Retirement & Financial Planning Report

A report by the Center for Retirement Research at Boston College said that individuals typically change their retirement plans when they carefully consider the prospects of a less secure lifestyle in retirement due to inadequate retirement savings.

It noted that the stock market downturn of late 2007-early 2009 caused a drop in retirement assets for many workers nearing retirement, and that the typically expected response in such a situation would be to work longer, save more, or do both. However, based on a survey of individuals between 45 and 59 years old, 43 percent of those who had suffered such losses had not initially planned to do either—many of them "may have been stunned into inaction," as the report put it. Only 9 percent planned to do both.

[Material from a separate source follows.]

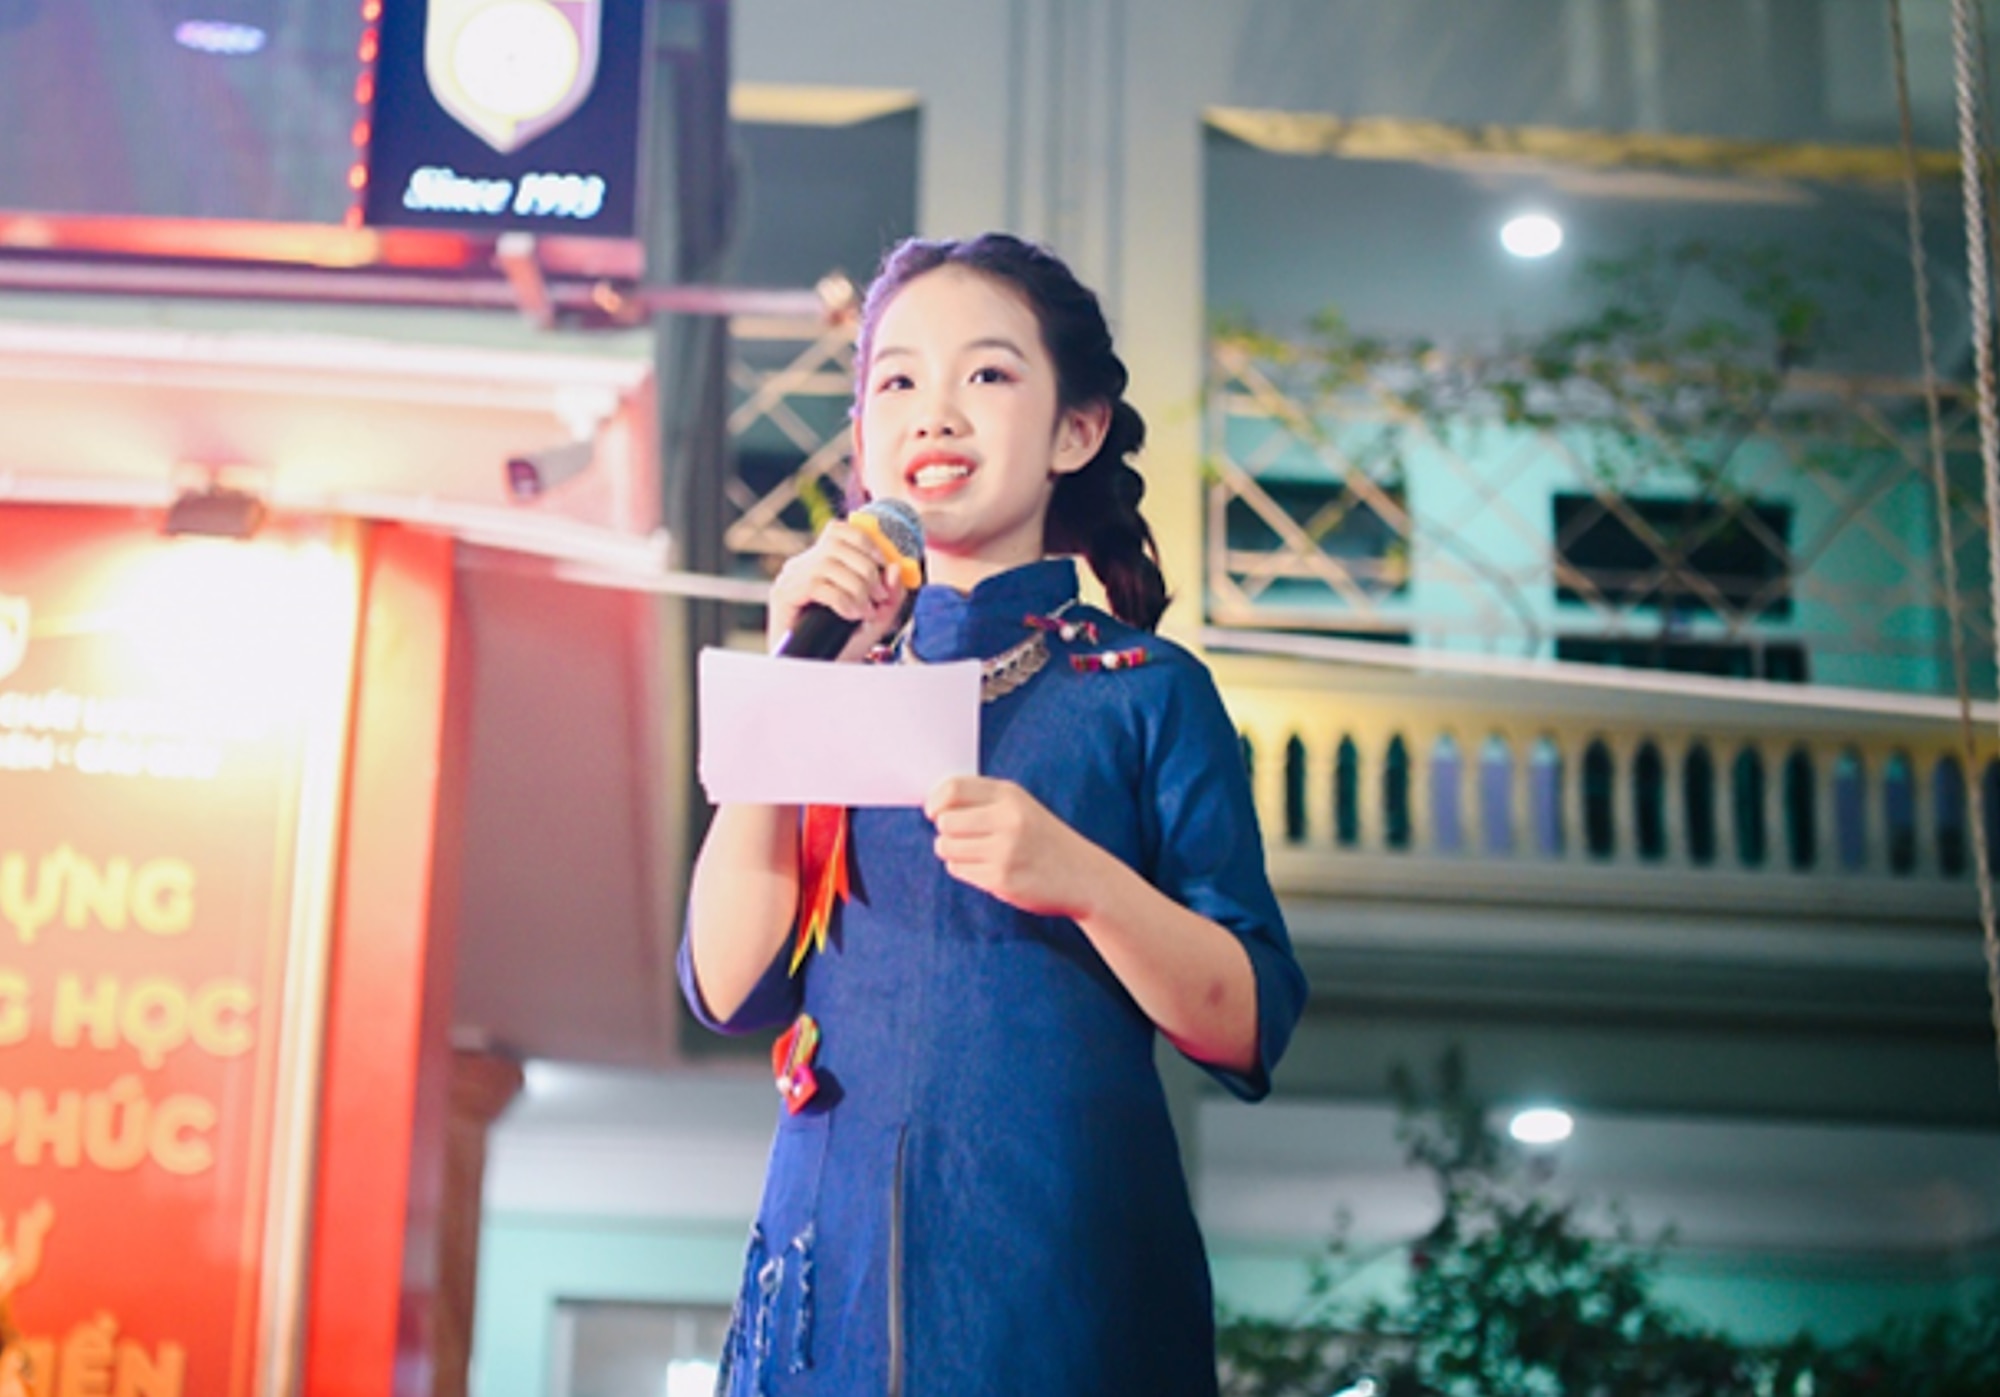 Tại Đại hội học sinh giỏi khối THCS của trường THCS và THPT Nguyễn Bỉnh Khiêm (Cầu Giấy, Hà Nội) diễn ra mới đây, Dương Tuệ Mẫn, học sinh lớp 6D0 khiến mọi người ngạc nhiên về tài năng thời trang.

However, it said many of them changed their minds when they saw how lowered retirement savings could translate into changes such as a lowered standard of living and having less money to provide as an inheritance. At that point, only 5 percent said they planned to neither work longer nor save more, and the percentage of those deciding to do both rose to 51 percent.

"In short, those who planned to do nothing were spurred into action by having the trade-off made explicit," while many of those who had planned to do one or the other—work longer or save more—were motivated to diversify by doing both.

There was less change in planning by those who had already thought a great deal about the effects of their losses, suggesting that they already had reached the conclusion that they had to take steps in response.